Asteroids are made of useful things. Nickel-iron asteroids are composed of metals, both common and rare. Carbonaceous asteroids contain other materials. Some even have organic compounds. There is even recent evidence that many asteroids have water! These potential resources may be easy to get to, if the asteroids are rubble-piles, or the useful materials are in the asteroid regolith, or if the asteroid is entirely made of metals that can be melted or dissolved for processing.

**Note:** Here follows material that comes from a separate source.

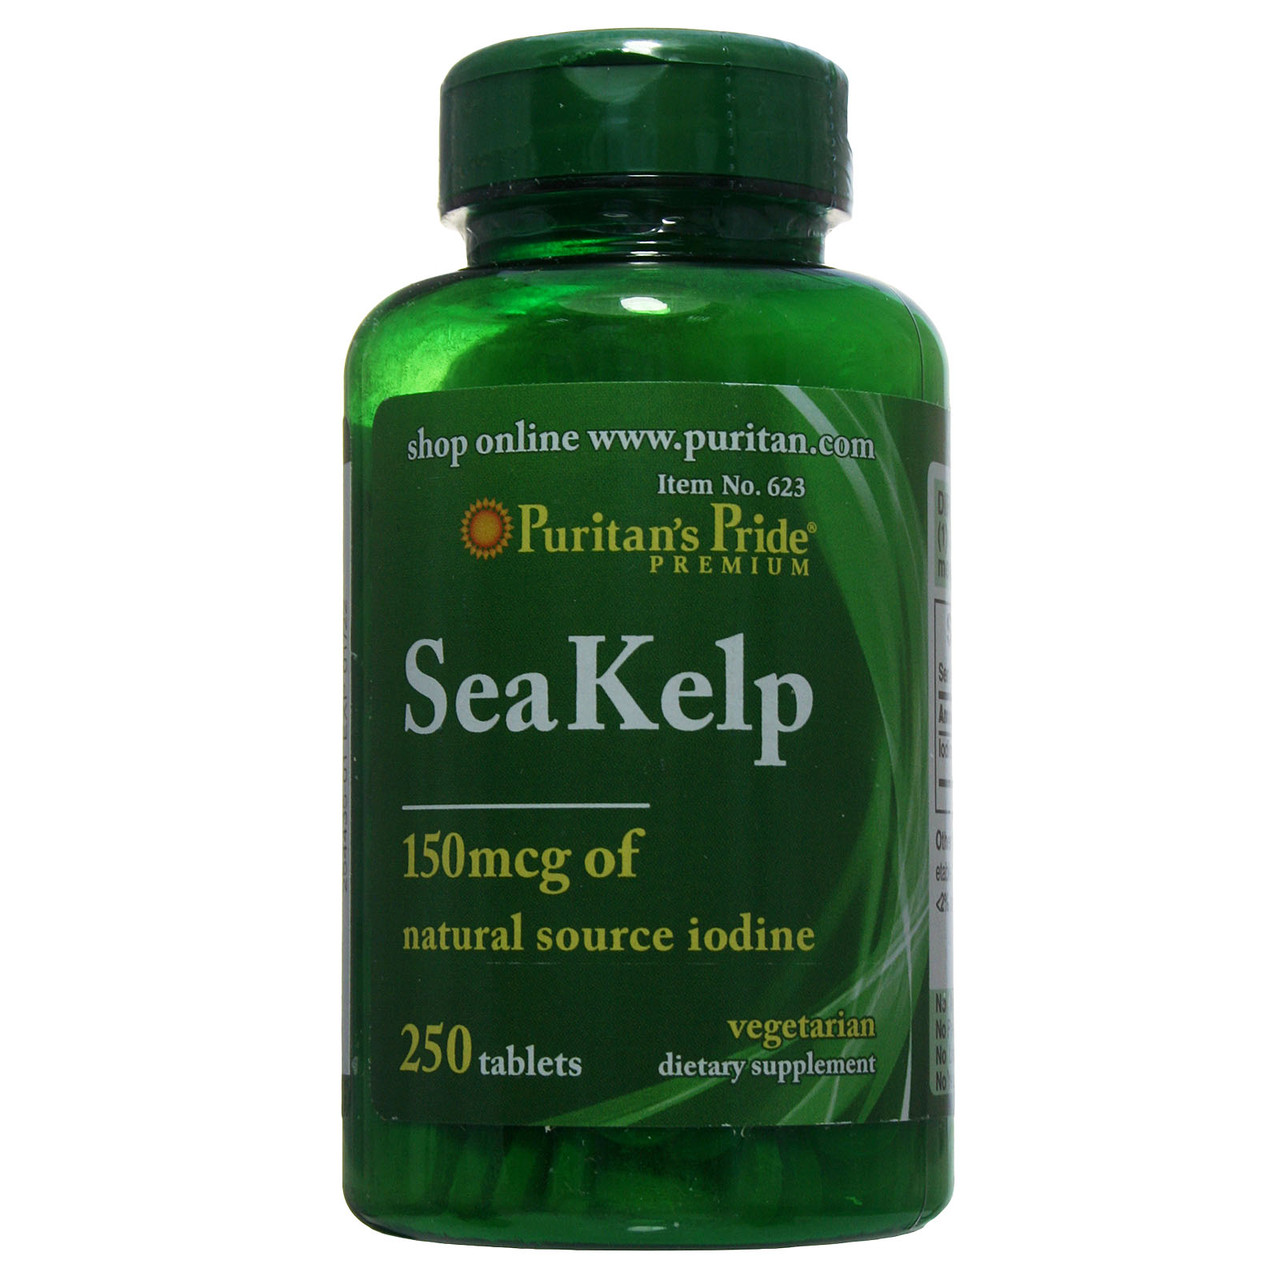 Келп, Sea Kelp, Puritan's Pride, 250 таблеток

Budding space industrialists may be disappointed, but mining asteroids for rare metals to sell on Earth isn’t likely to be economically viable. (It’s too hard to safely get those metals from the asteroids down to Earth’s surface – for instance, we would have to spend more money to launch a Space Shuttle than we would get for the mass of materials that Shuttle could bring down from orbit – a launch costs roughly $450 million, and at current prices, the Shuttle could bring down $15 million in pure silver if filled to the brim. We’d have to find asteroids made of pure gold and platinum and cram the Shuttle to make that come out positive.) However, what could be viable is mining and processing the resources on asteroids into spacecraft bodies, components, consumables, and fuels, which could be jettisoned from their parent asteroids with very little effort. This is simply because asteroids have very small escape velocities compared to planets and moons. If we could get ISRU going, it could be the great moneysaver of the space industry!
ISRU, or in-situ resource utilization, is already a hot topic of research; applications include processing lunar regolith into bricks or reacting chemicals with Martian soil to produce rocket fuels. This would be the next level of complexity: imagine landing a facility on an asteroid that grapples to the rock, bores its way down, processes the metals in the asteroid, and extrudes spacecraft pieces that are ready to assemble. Or perhaps a spacecraft that can land on an asteroid and scoop up material to refill its fuel and consumables. These abilities would let humans build whole new classes of spacecraft, capable of going further than any before. And, given the complexity of building the International Space Station, many of these activities will probably require the involvement of astronauts.
The last reason I can think of – at least, right now – why asteroids make very cool targets is that the asteroids themselves could be used as spacecraft.
The science-fiction way to do this is to find an asteroid and hollow it out with tunnels, crew compartments, fuel tanks, or big, cylindrical chambers. The excess rock and metal from the digging can be fed to mass drivers (or combined with antimatter) to propel the asteroid.
As big a fan as I would be of asteroid colonies or arkships to the outer Solar System and beyond, that’s a pretty farfetched idea at this point. However, an interesting possibility if we want to get to far-flung destinations is to locate an asteroid in an orbit that starts somewhere easy to get to and goes somewhere we want to go, and then hitch a ride. There’s an interesting class of resonant orbits called “cyclers,” which have the property that they rendezvous with two bodies of interest at least once per synodic period. For example, the so-called Aldrin cycler is an orbit trajectory that matches up with the Earth and Mars, with a travel time of 146 days between planets. All we’d have to do is get there and grab on!
We’re not likely to find an asteroid that is naturally on such an orbit, but we may locate asteroids that are on other potentially useful orbits. If we learn enough about asteroid deflection from our planetary defense studies, we might even be able to nudge asteroids onto such orbits, on purpose!
The Moon is a cool place to go. Mars is a cool place to go. Jupiter is a cool place to go. But, you know what? Asteroids are cool places to go, too. We will learn and benefit from any exploration destination. Small bodies, which come in all sorts of shapes, sizes, and compositions, may be very, very different from planets and moons. If we can learn how to use them as platforms for exploration, then perhaps we can jump off them to explore all the far reaches of the Solar System.